On their first trips to the Atacama's super-arid core, Michael Goodfellow and his colleagues didn't really expect to find much. However, nature always surprises people.
To their surprise, the scientists were able to isolate a small number of soil bacteria from the group of Actinomycetes, a globally common soil bacterium that has long been an important focus of resistance research born. Since then, research on these bacteria has produced more than 40 new molecules, some of which inhibit common pathogenic bacteria in laboratory studies.
Michael Seeger, a biochemist at the Federico Santa Maria Technical University in Chile, says biological research in deserts like the Atacama also has technological applications.

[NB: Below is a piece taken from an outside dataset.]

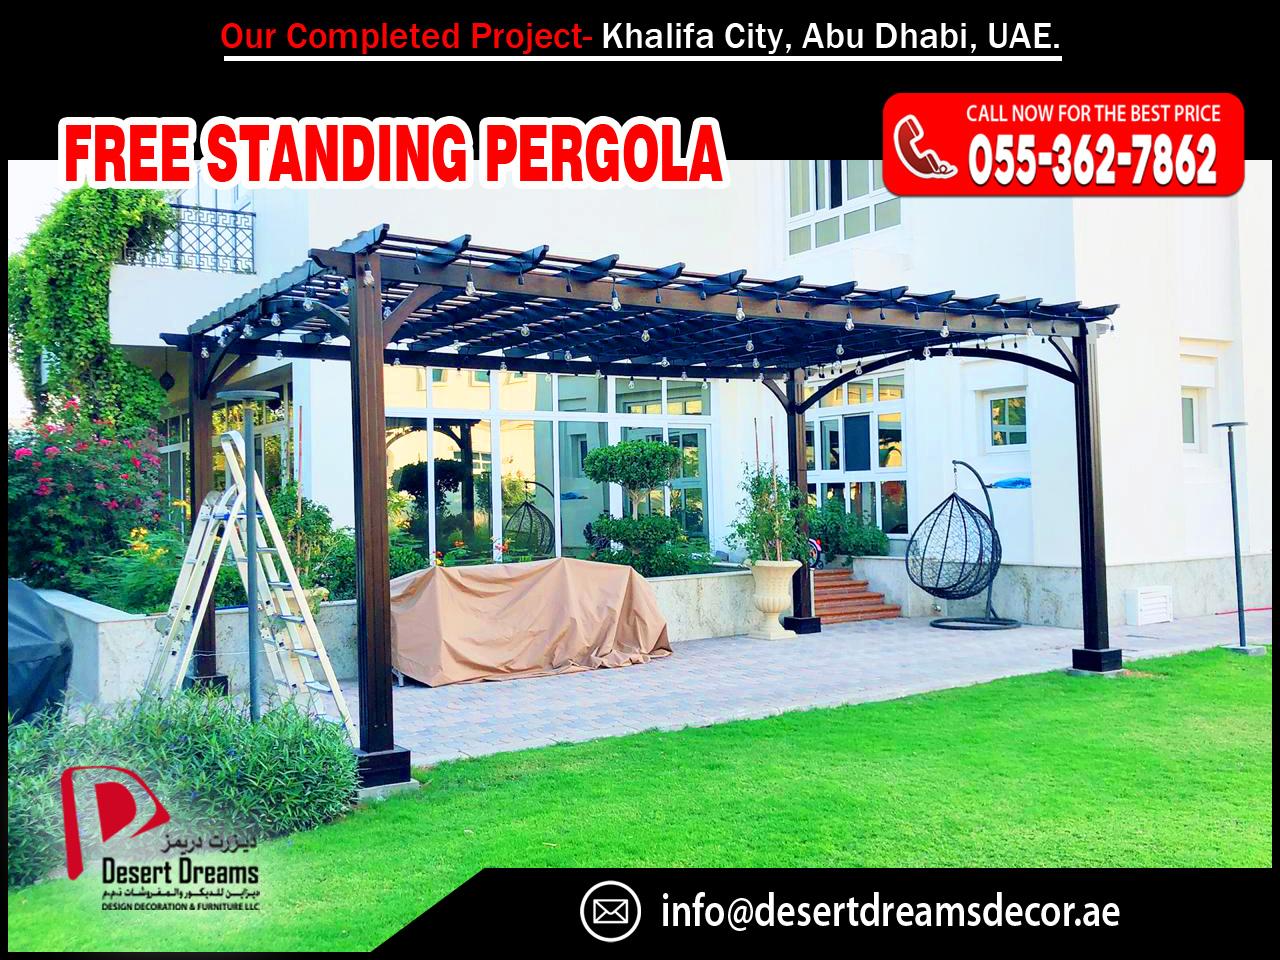 Free Standing Pergola in UAE-2.jpg

A major example is microorganisms that account for about 10% of Chile's copper production. Copper is commonly found in a mixture of metals, and microorganisms can help extract it by eating away at other materials in the ore.
By keeping these microorganisms out of contact with mining piles or ore mixes where only small concentrations of copper exist, copper producers can ensure less copper is wasted. at their mining sites.
"Such metal-crushing bacteria must be able to handle high concentrations of acid because they produce acid as a waste product," says Michael Seeger. To thrive in highly acidic conditions, acidophilic species These must have special adaptive abilities such as specialized cell membranes to block acidic particles, quickly remove those harmful elements from the cell, and enzymes capable of rapidly repairing proteins and DNA".
The Atacama Desert is likely filled with exotic species like these, with specialized abilities that make them useful for industry and other practical purposes.
"Arsenic bacteria could be useful for cleaning up contaminated water sources, and genes borrowed from salt- or drought-tolerant bacteria could be transferred into soil bacteria to promote agriculture," says Michael Seeger. in a country facing increasing desertification".
Proteins that perform well in extreme conditions can also have important medical applications. For example, a Covid PCR test would not be possible without a bacterial enzyme that can produce DNA strands in extreme temperatures and was originally taken from a Yellowstone hot spring in the US.
Biologists hope that studying enzymes with similar tolerance to extreme conditions from desert microorganisms could lead to additional biotechnological breakthroughs in the future.
The Atacama, while harsh in various ways, is still capable of harboring more capable microorganisms than we've known, and so it's important for scientists to find it. what is there!